Similarly, over the past month Saudi Arabia’s benchmark has gained 1.1 percent, Kuwait’s main index is up 3.5 percent and Qatar is 1.8 percent higher. Abu Dhabi is down 0.5 percent.

UAE stock markets were overly concentrated on banks and real estate stocks and so did not reflect the country’s broader economy.

Now though, the listings of various government-linked and privately controlled companies have enabled equity investors to buy into previously inaccessible sectors such as domestic oil and gas production, utilities, road transport, supermarkets and petrochemicals as well as providing greater variety in sectors that already had some public company representation.

This diversification has made UAE markets more resilient: rather than selling entirely, investors can switch to more defensive stocks – often those dependent on domestic demand – during periods of heightened risk. The same is true in Saudi Arabia, whose market was already more diversified.

“Investors can have a more balanced portfolio,” says El Adou.

“The IPOs have boosted investor confidence. Five or seven years ago there were maybe 20-30 investible Gulf stocks, and these were mostly in cyclical sectors.

“But today there are many more investable companies and across a broader range of industries too.”

Ahead of the year-end, many investors’ have prioritised increasing their allocation to high-dividend-yield stocks, say Shurrab and El Adou.

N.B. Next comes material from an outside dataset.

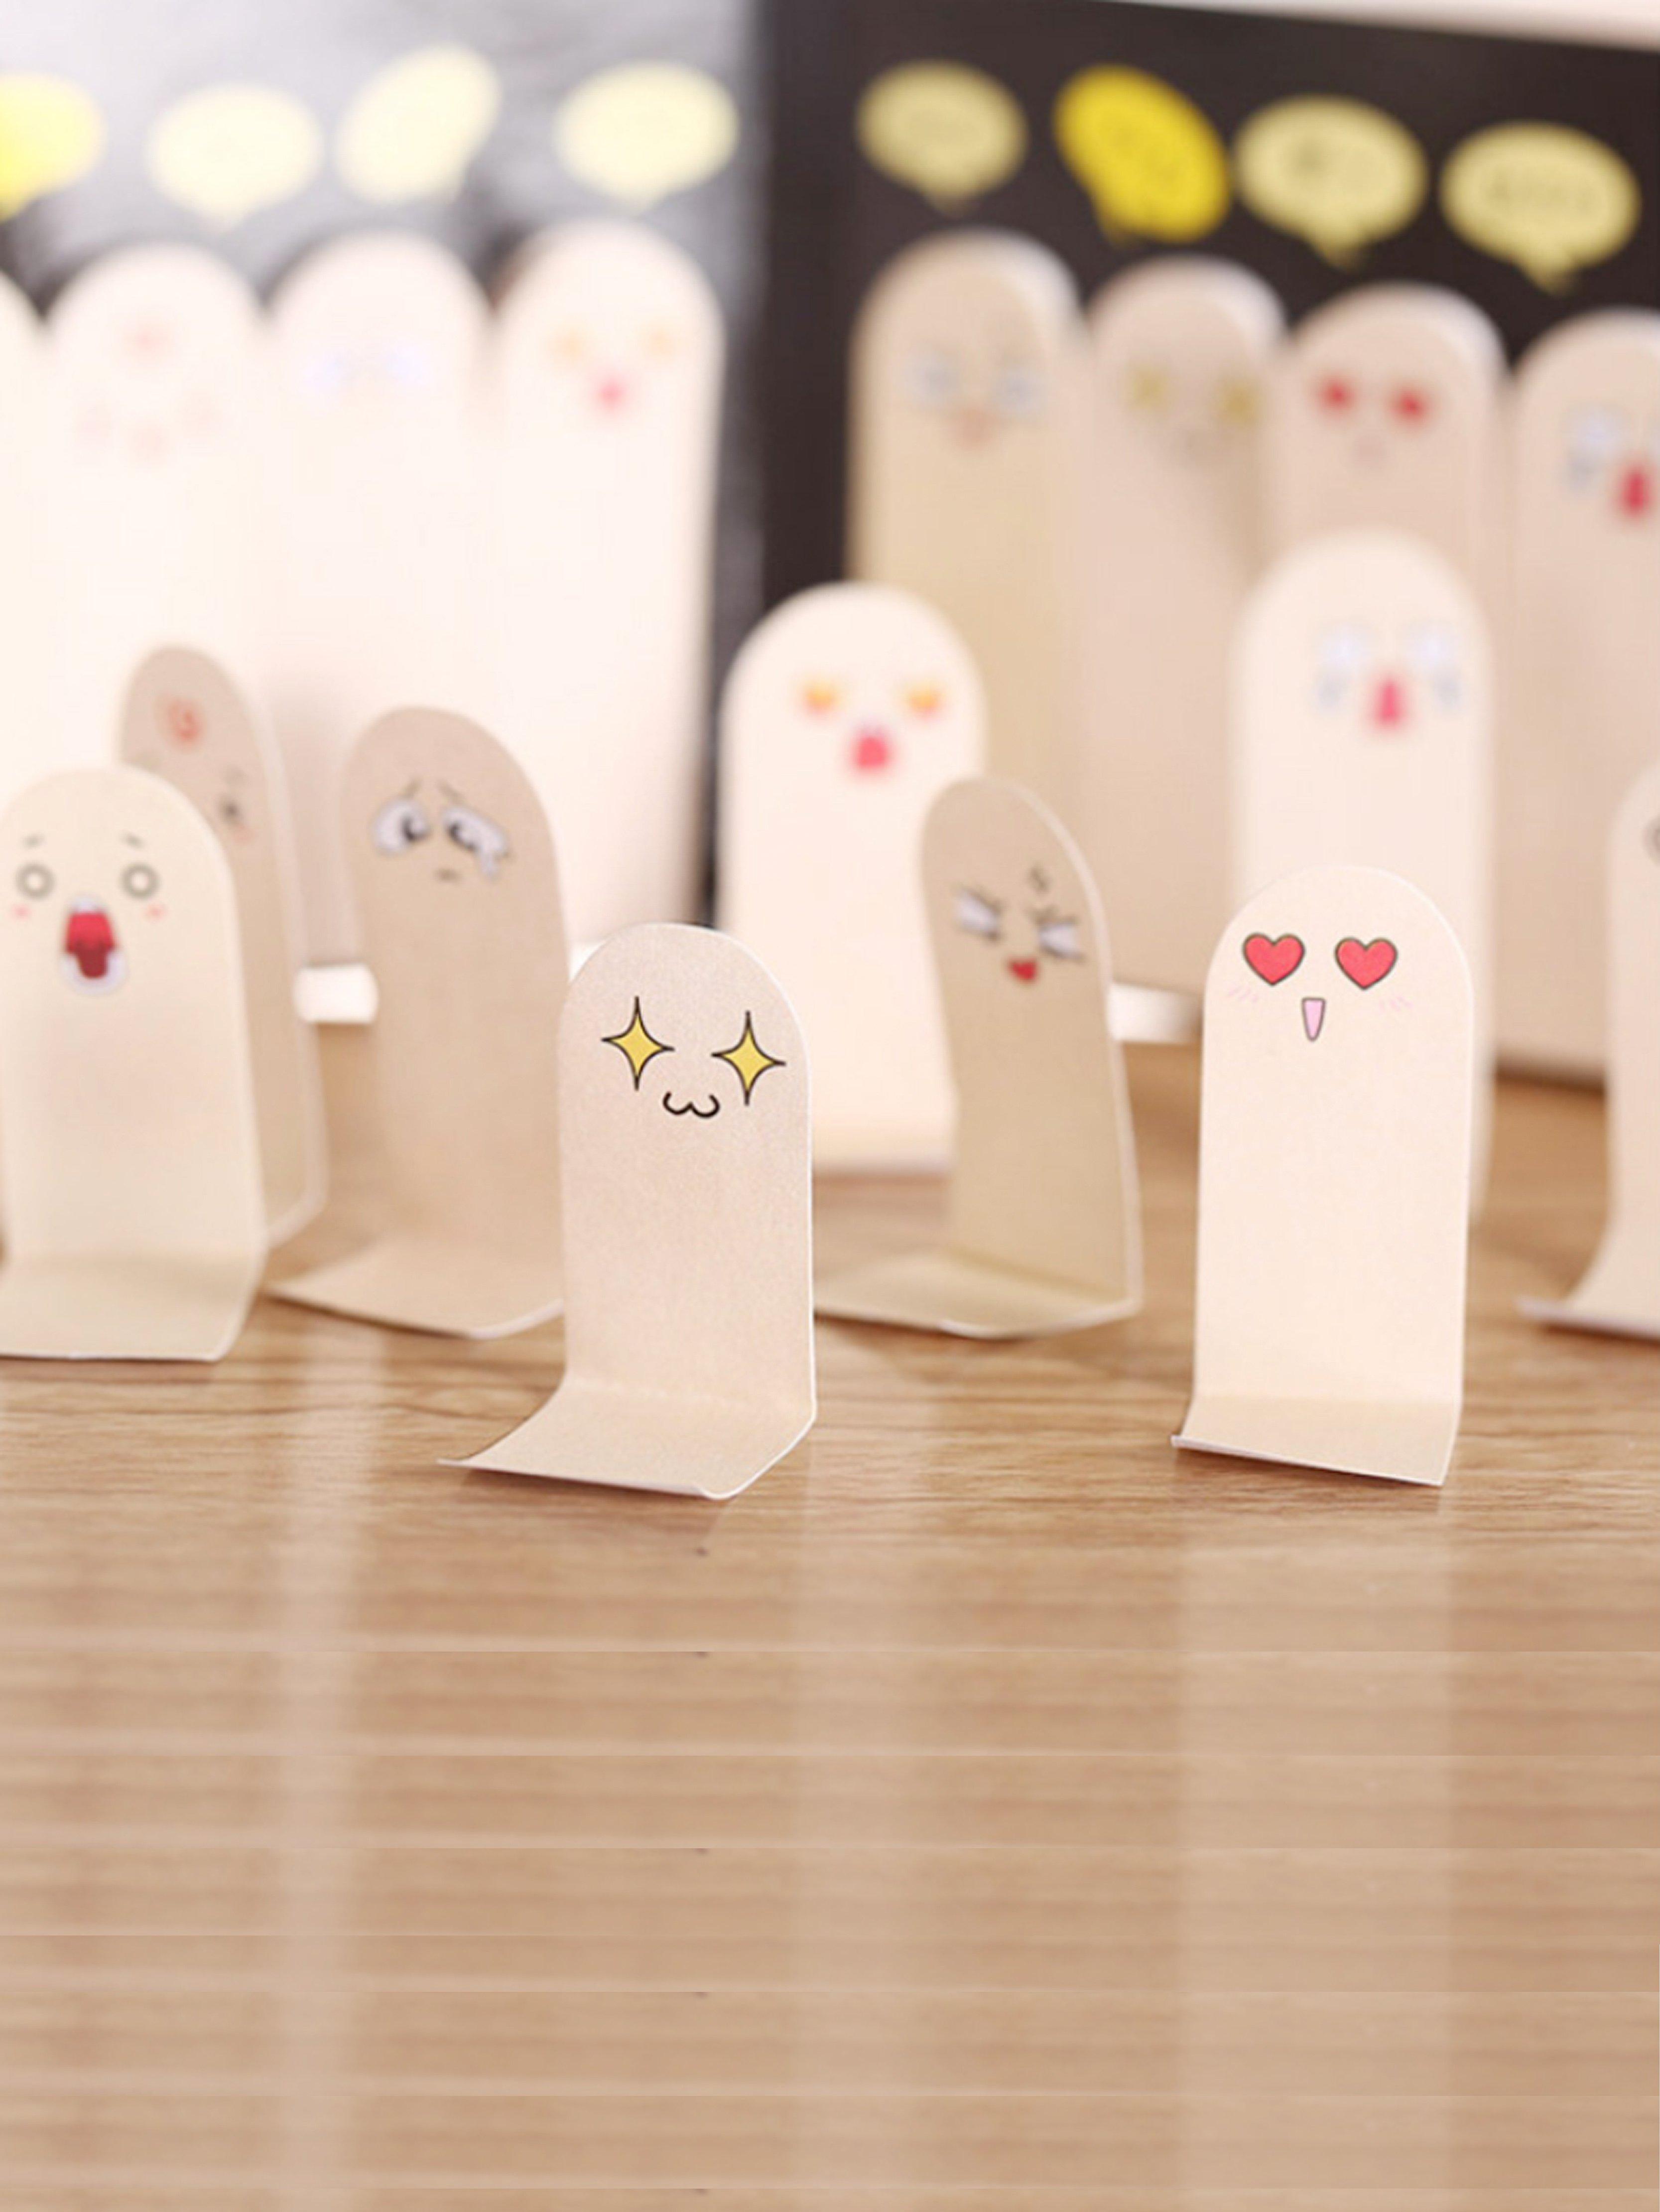 Cartoon Emoji Sticky Memo Pads 200sheets 1pc lot cute rabbit design memo pad office accessories memos sticky notes school stationery post it supplies tt 2766

“Declining interest rates support equity markets generally as it makes riskier assets such as stocks more attractive in terms of relative, potential returns,” says Shurrab.

“Companies such as utilities and other defensive stocks that similarly have strong recurring cash revenues will probably outperform.”

Benchmark interest rate cuts, which began in September, should benefit real estate developers and all companies with borrowings on variable interest rates.

“We’re optimistic on Gulf markets for the rest of 2024,” adds Shurrab.